It appears to us, then, that in this instance the field has been fully occupied by congressional enactment and therefore that, under the commerce clause of the federal Constitution, state legislation on the subject is excluded, and consequently that we are spared the need for entering into any extensive analysis of section 786.5 for the purpose of discovering whether, had not federal legislation covered the ground, it could be maintained as a legitimate exercise of the authority of the state and only incidentally affecting state or foreign commerce. Regardless of any such inquiry and because Congress has fully covered the field, we must hold that the statute, as applied to the instant case, is inoperative.

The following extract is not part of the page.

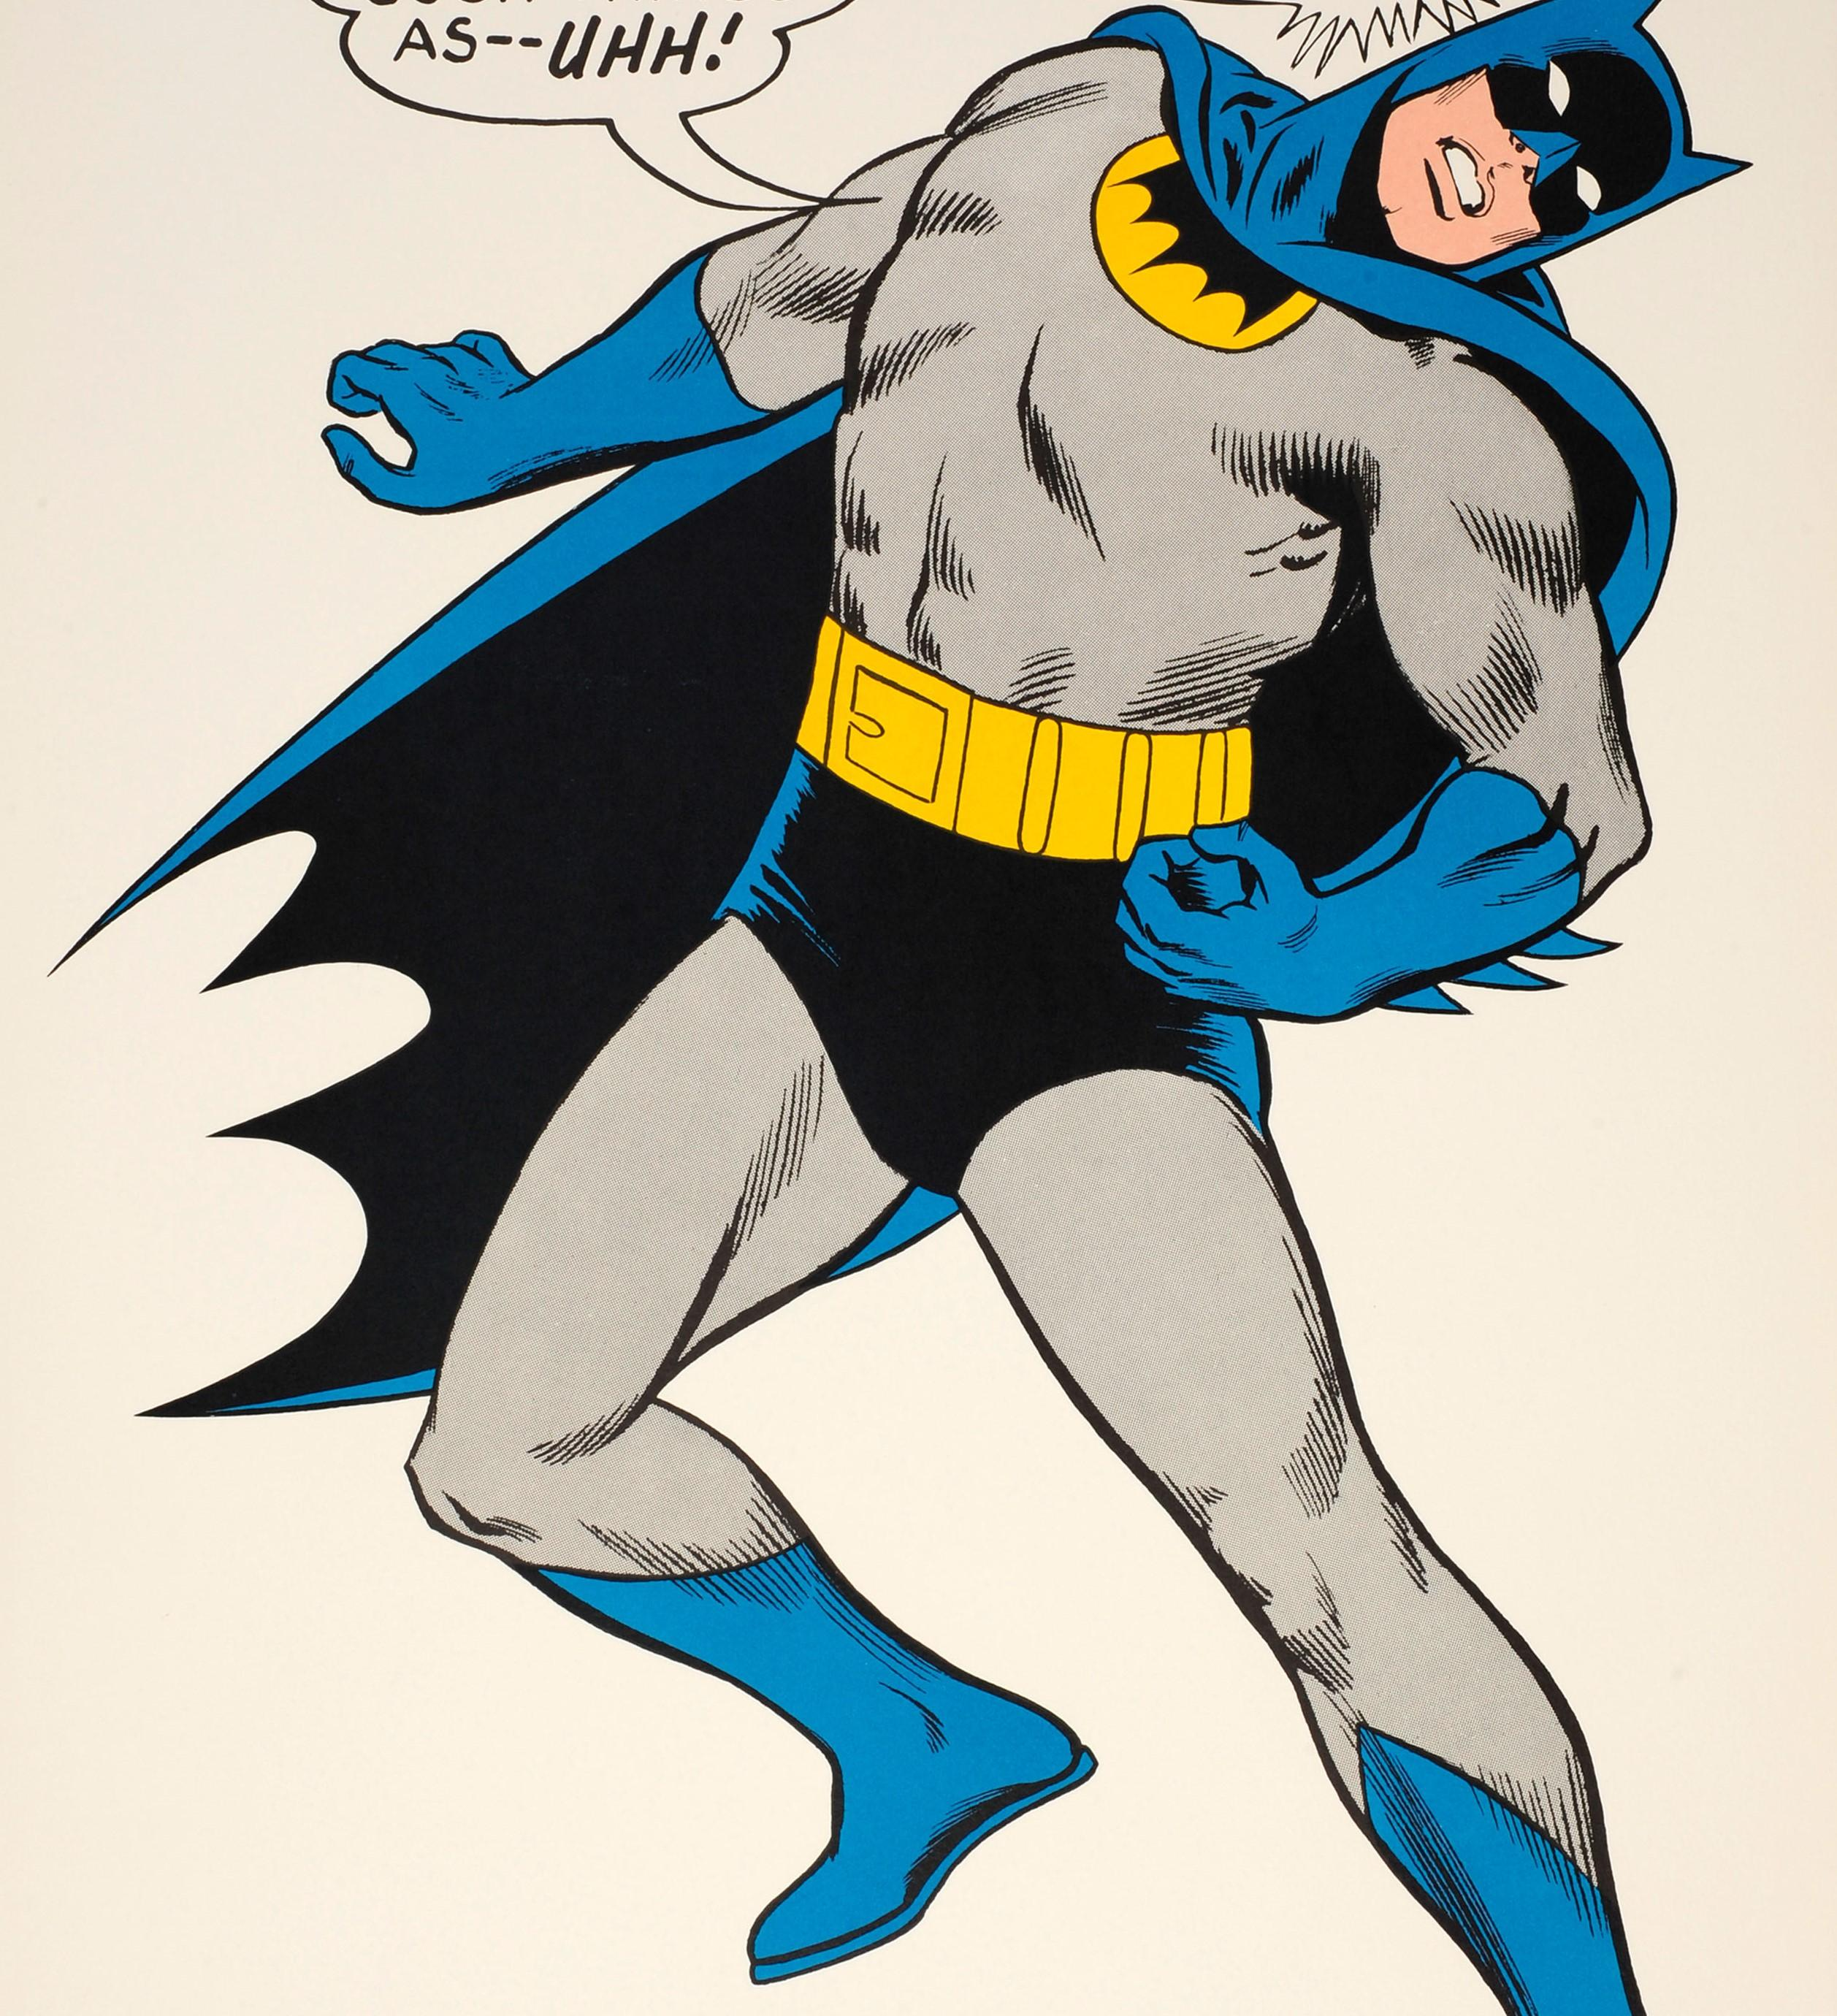 Carmine Infantino Original Vintage Cartoon Batman Poster For The Iconic Comic Superhero Uhh For Sale At 1stdibs
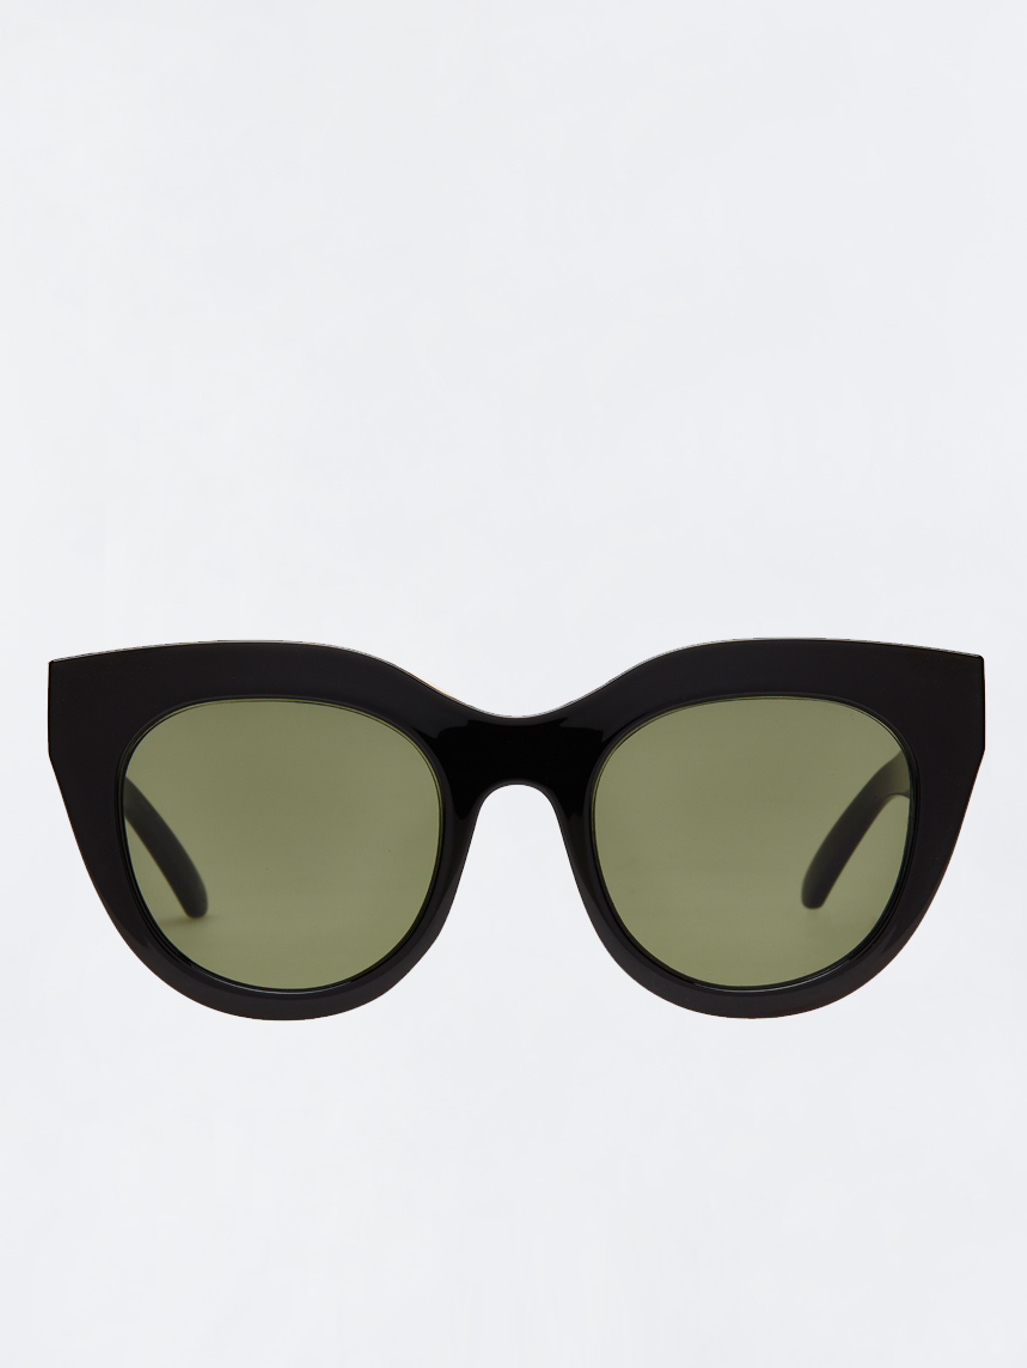 2bda8cbb2d5 Air Heart Black Gold W  Khaki Mono Lens - Le Specs

One other contention made for the plaintiff should be noticed. Counsel call our attention to the fact that an application was made to the District Court of Appeal for the Fourth District for a writ of prohibition forbidding the municipal court to enter upon the trial of the case at bar on the ground that the statute involved was invalid and invested it with no jurisdiction to proceed, and that such application was denied without the rendition of any opinion; also that an application for hearing of the matter thereupon made to the Supreme Court was also denied by that court without an opinion. It is claimed as a result that the validity of the statute attacked is res adjudicata. There is no substance in the contention. Neither the proceeding in the District Court of Appeal nor the refusal of the Supreme Court to review it were adverted to at the actual trial before the municipal court, nor do they form any part of the record before us. Even if we are entitled to take notice of them upon the present appeal, however, these proceedings are wholly inconclusive as respects the question now before us. The writ of prohibition may have been denied for the mere reason that the appellate and Supreme Courts did not consider it necessary to anticipate the determination of the trial court upon the validity of the statute and saw no exigency justifying their interposition.
The judgment is reversed.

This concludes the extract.